**DATASET EXCERPT**
————————

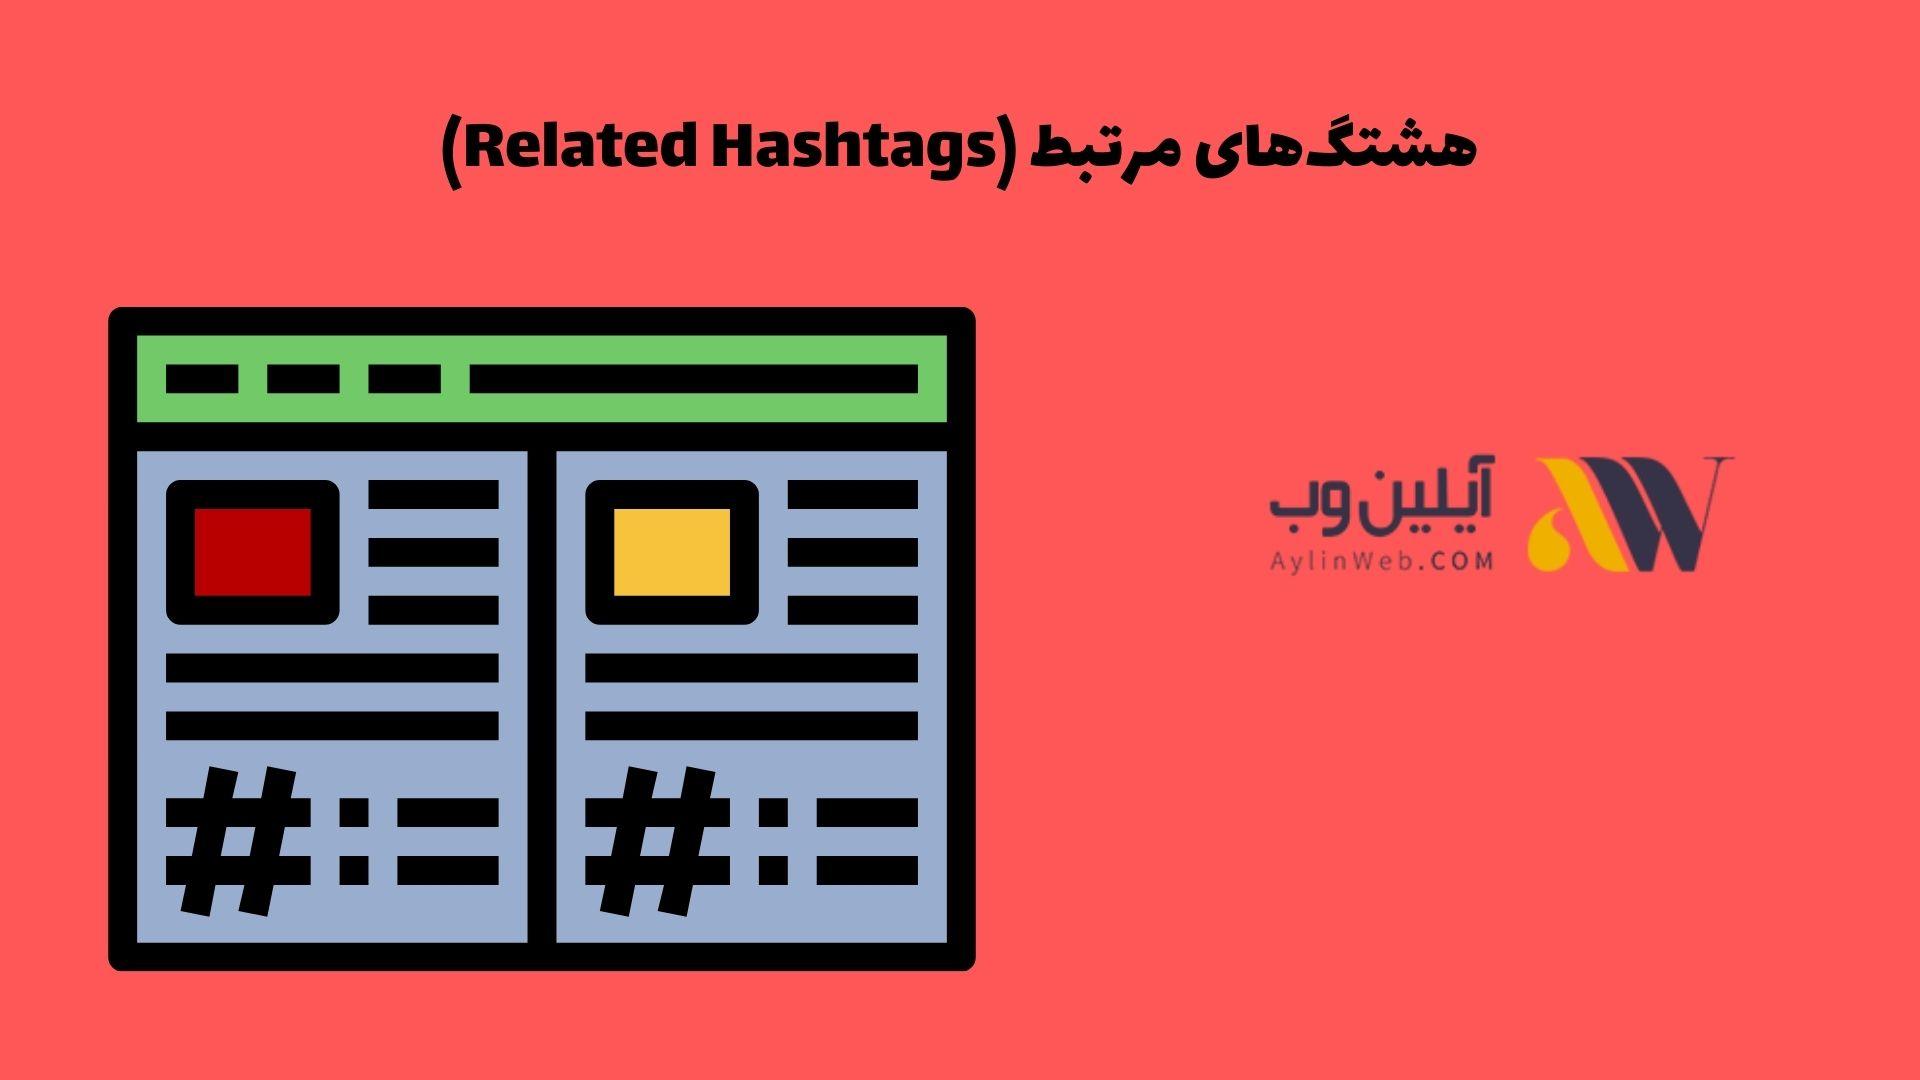 هشتگهای مرتبط (Related Hashtags)
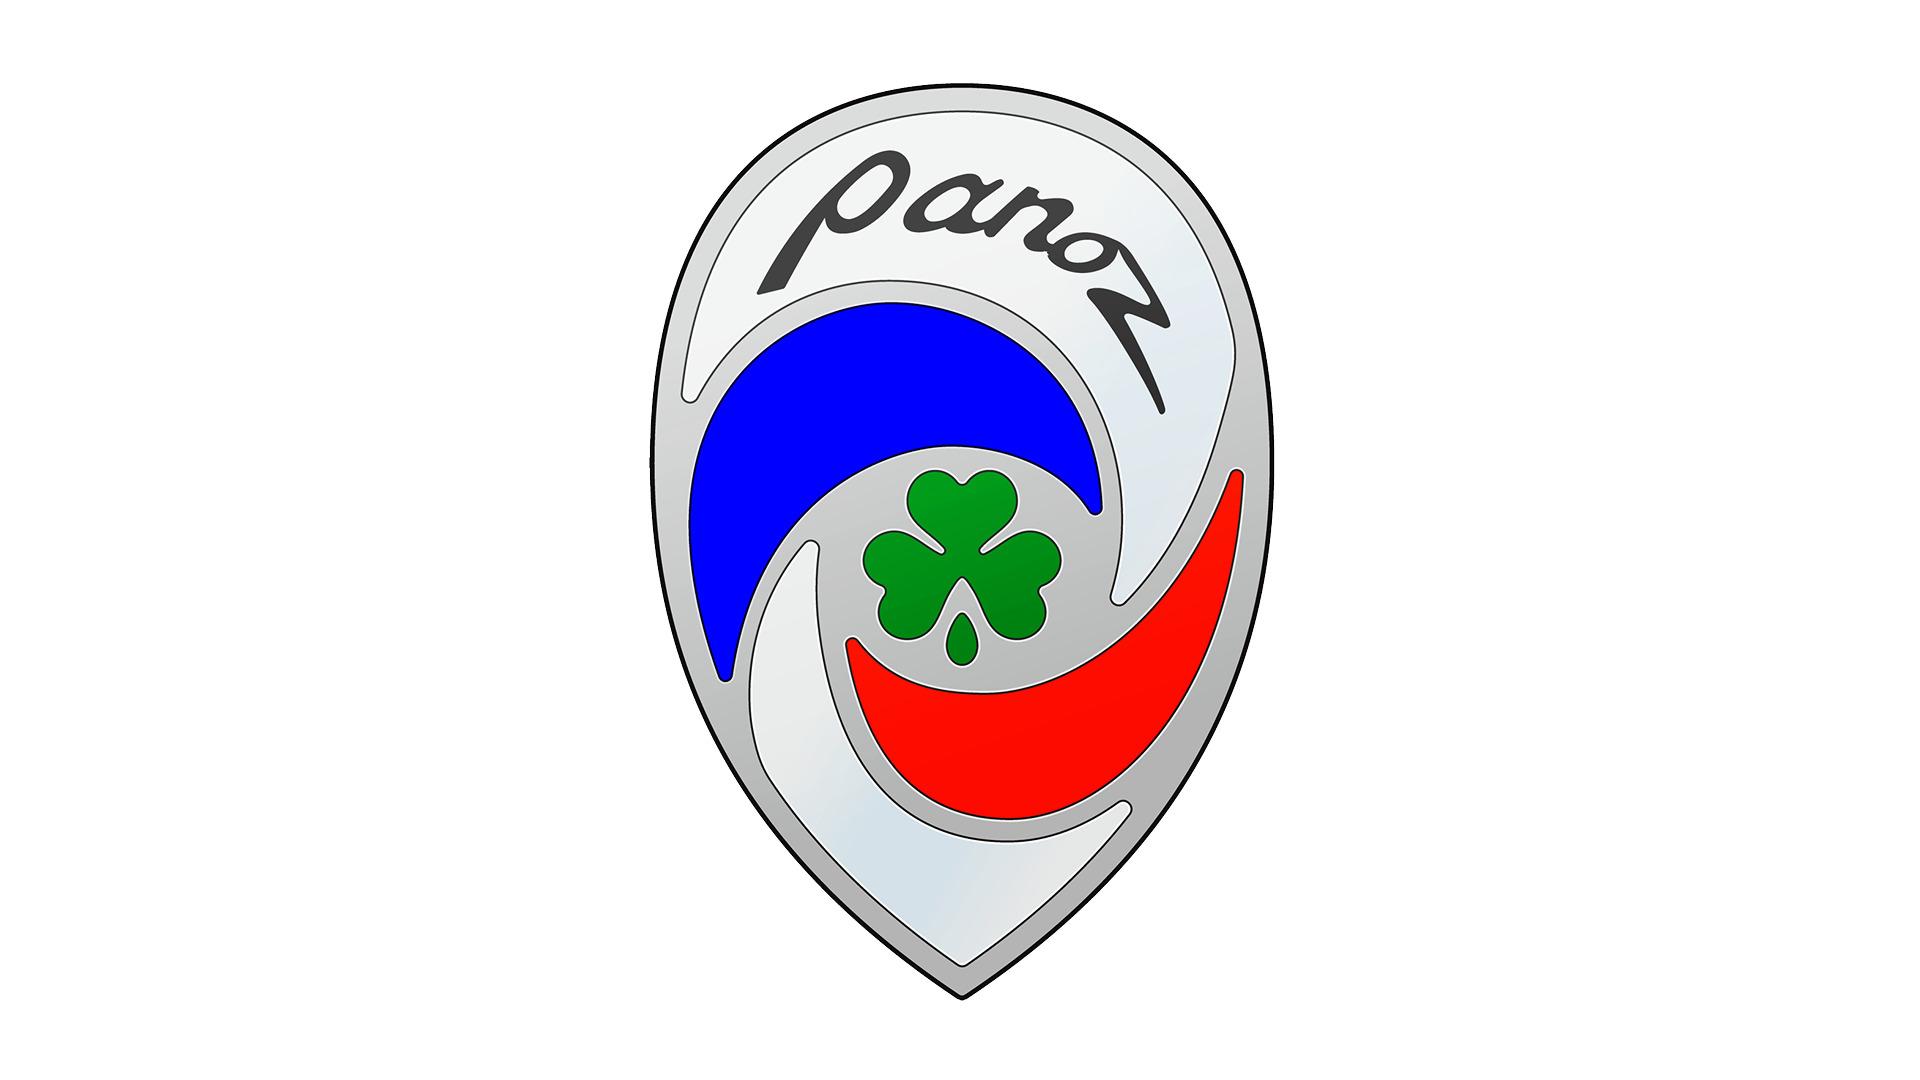 Imagen logo de Panoz
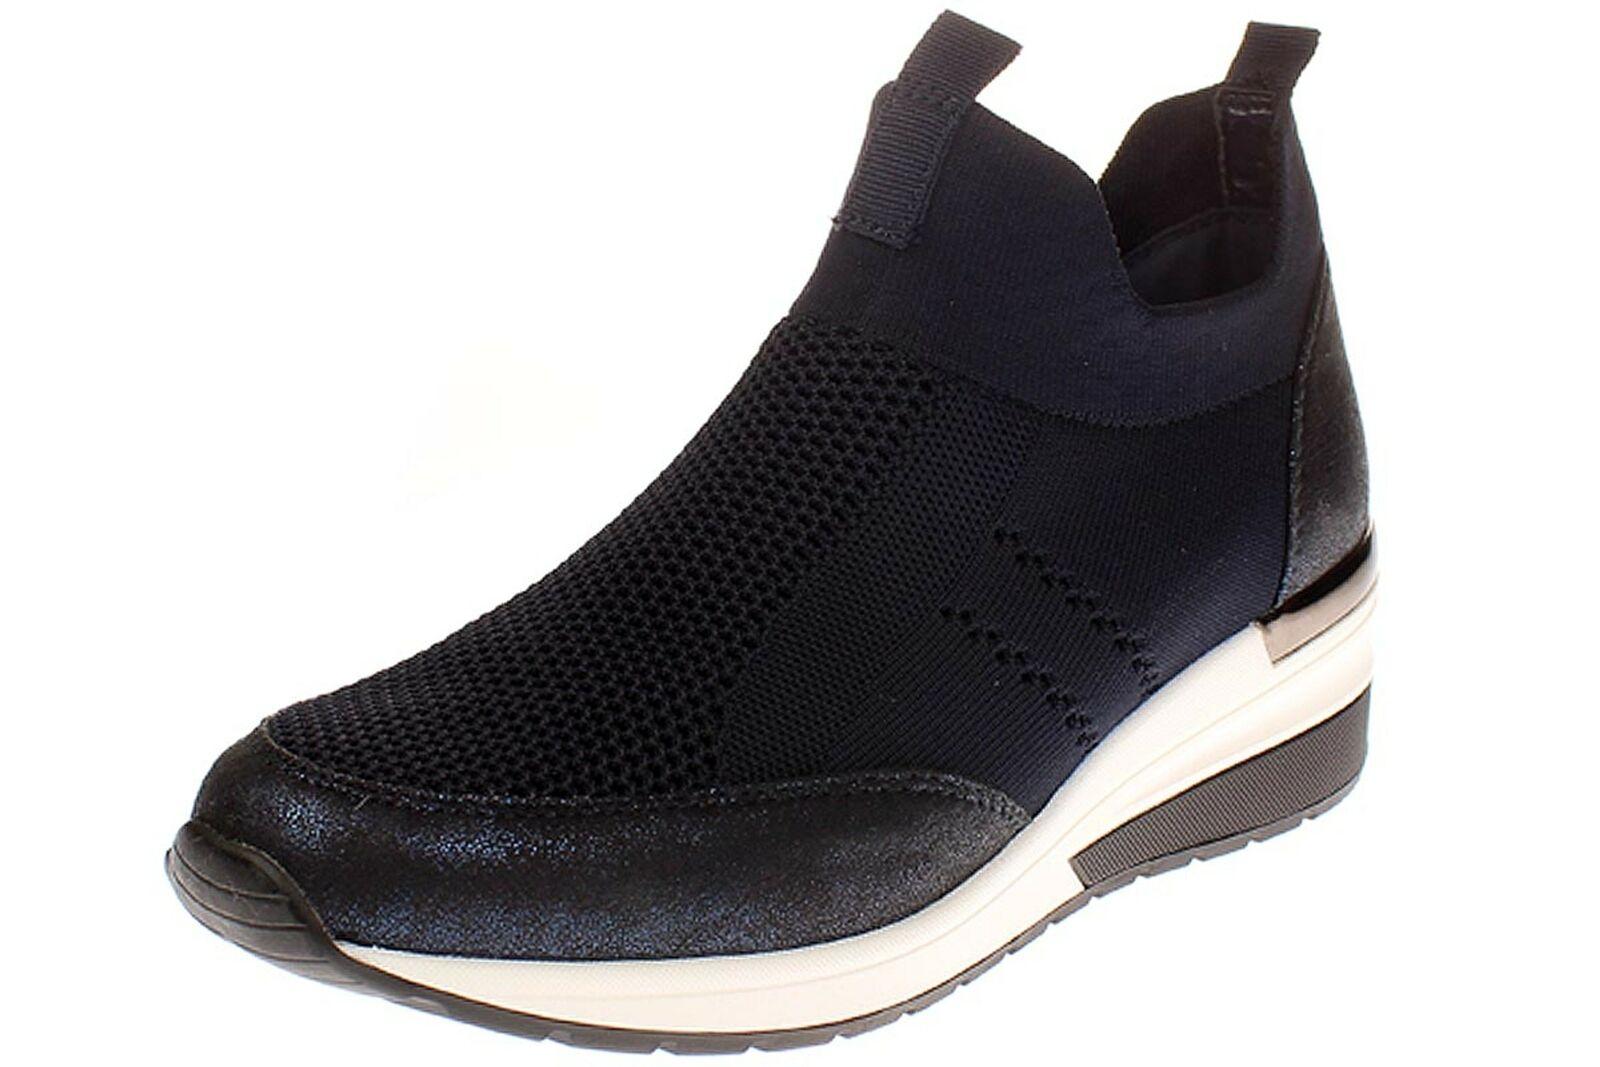 La Strada 1901764 - Damen Schuhe Freizeitschuhe - 4560-knitted-Blau
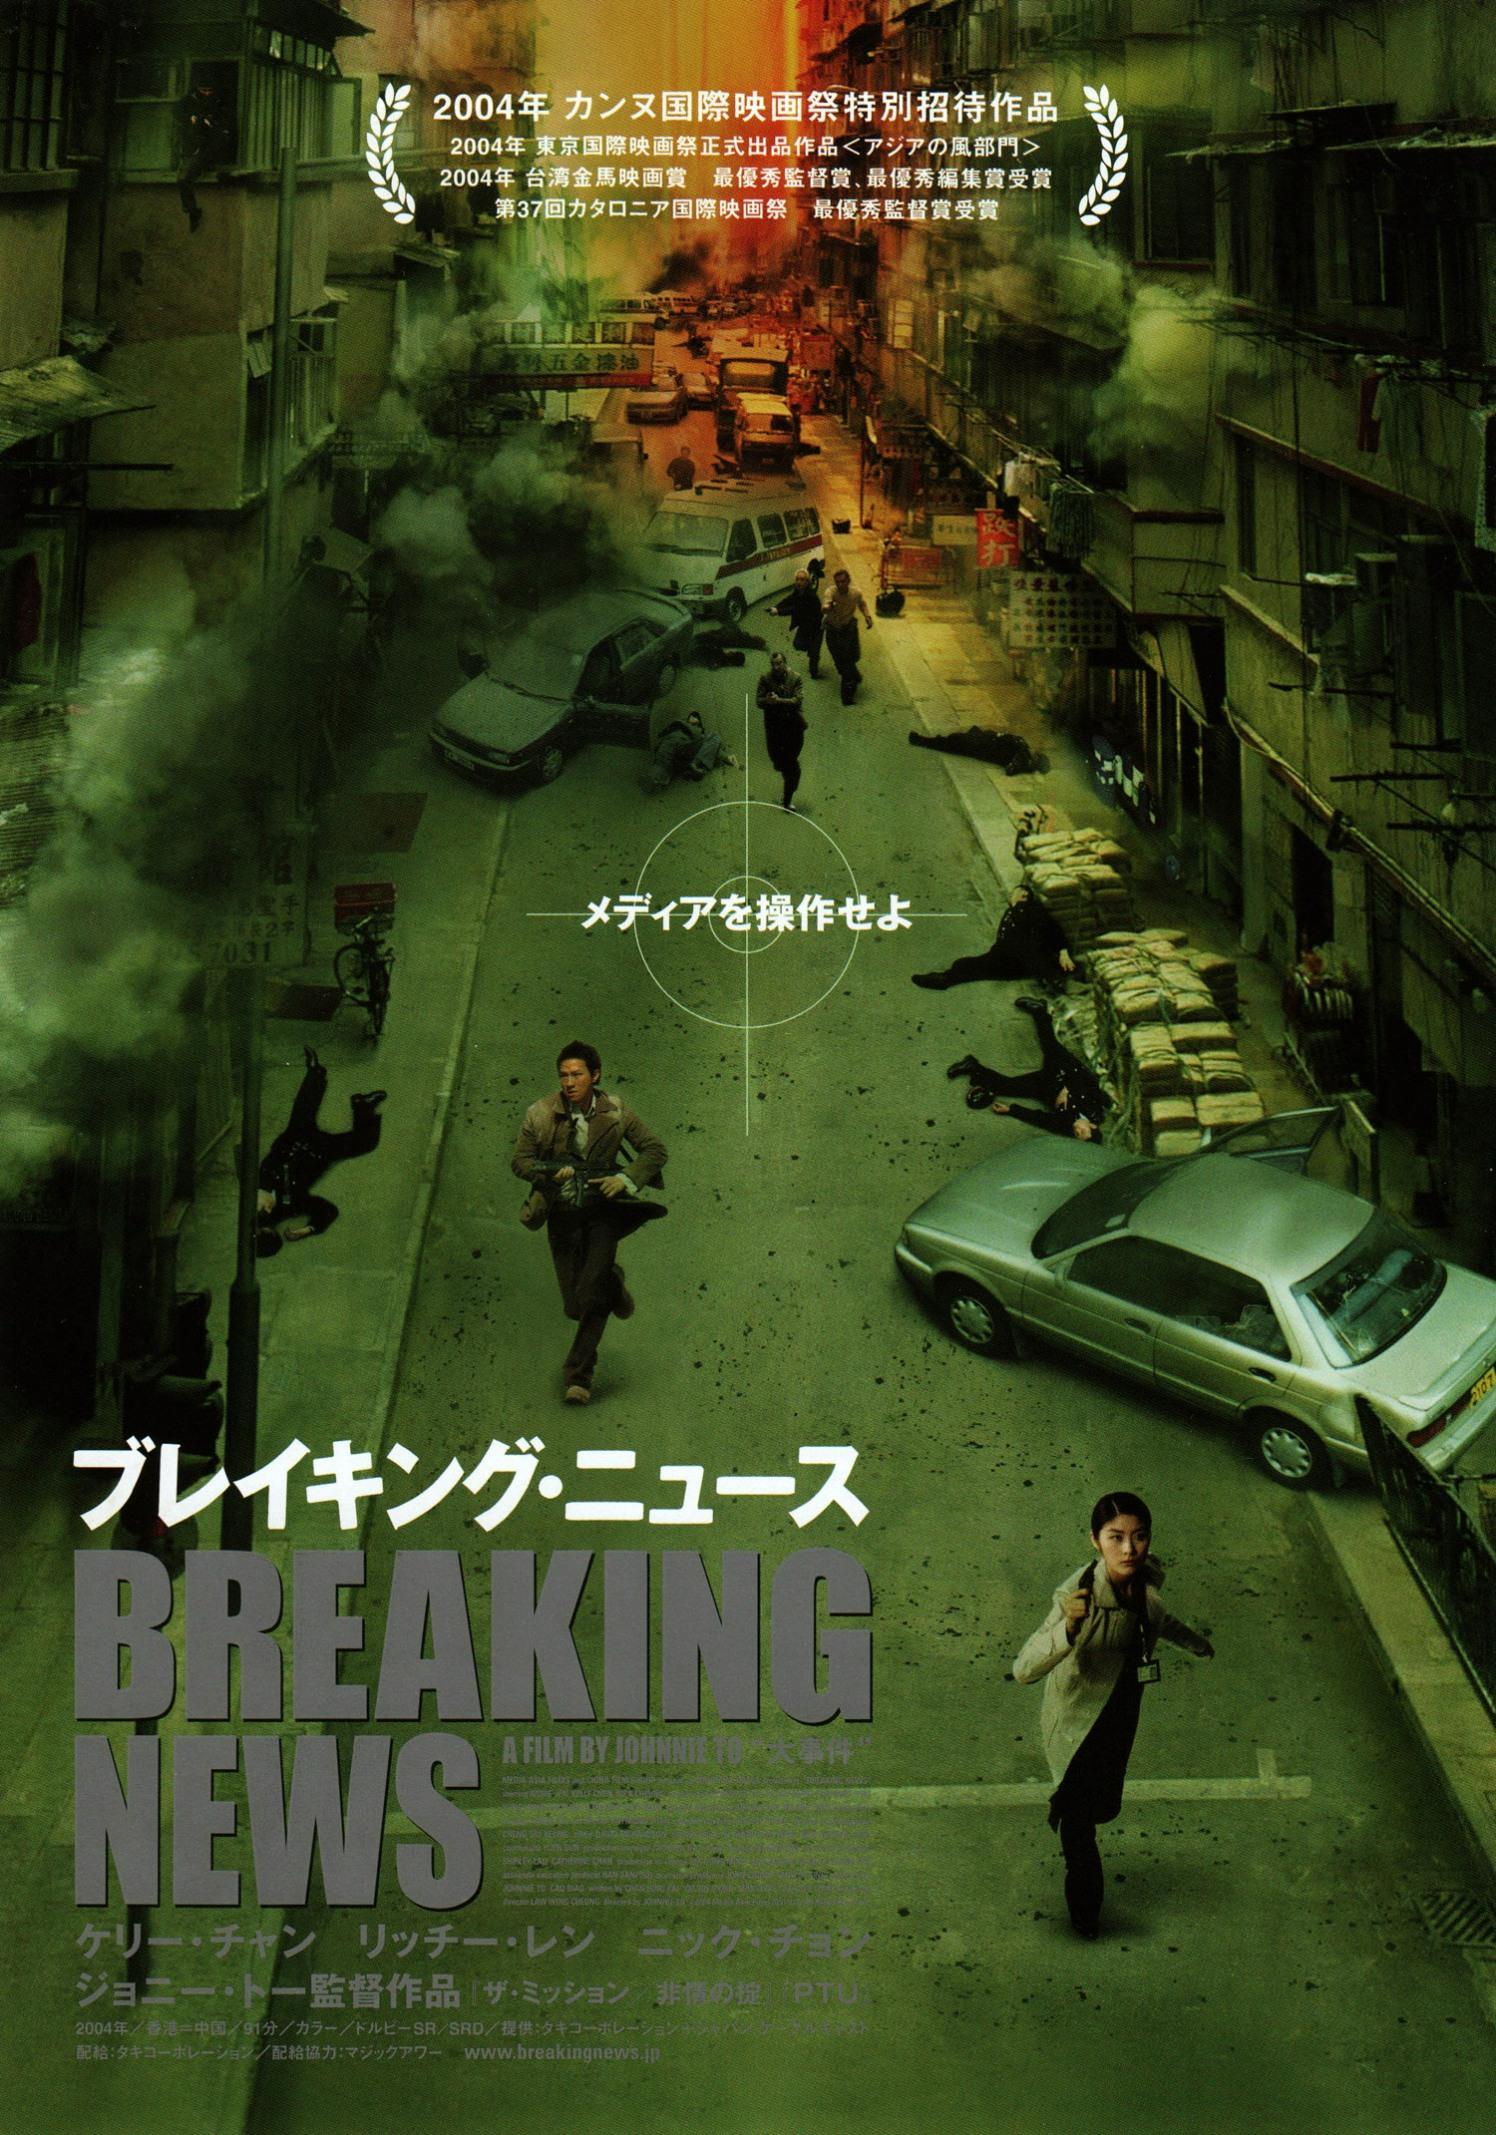 breakingnews-japan-2

————————

In your output, repeat the listing above exactly and include none of the pictures.

 هشتگهای مرتبط (Related Hashtags)
 Imagen logo de Panoz
 La Strada 1901764 - Damen Schuhe Freizeitschuhe - 4560-knitted-Blau
 breakingnews-japan-2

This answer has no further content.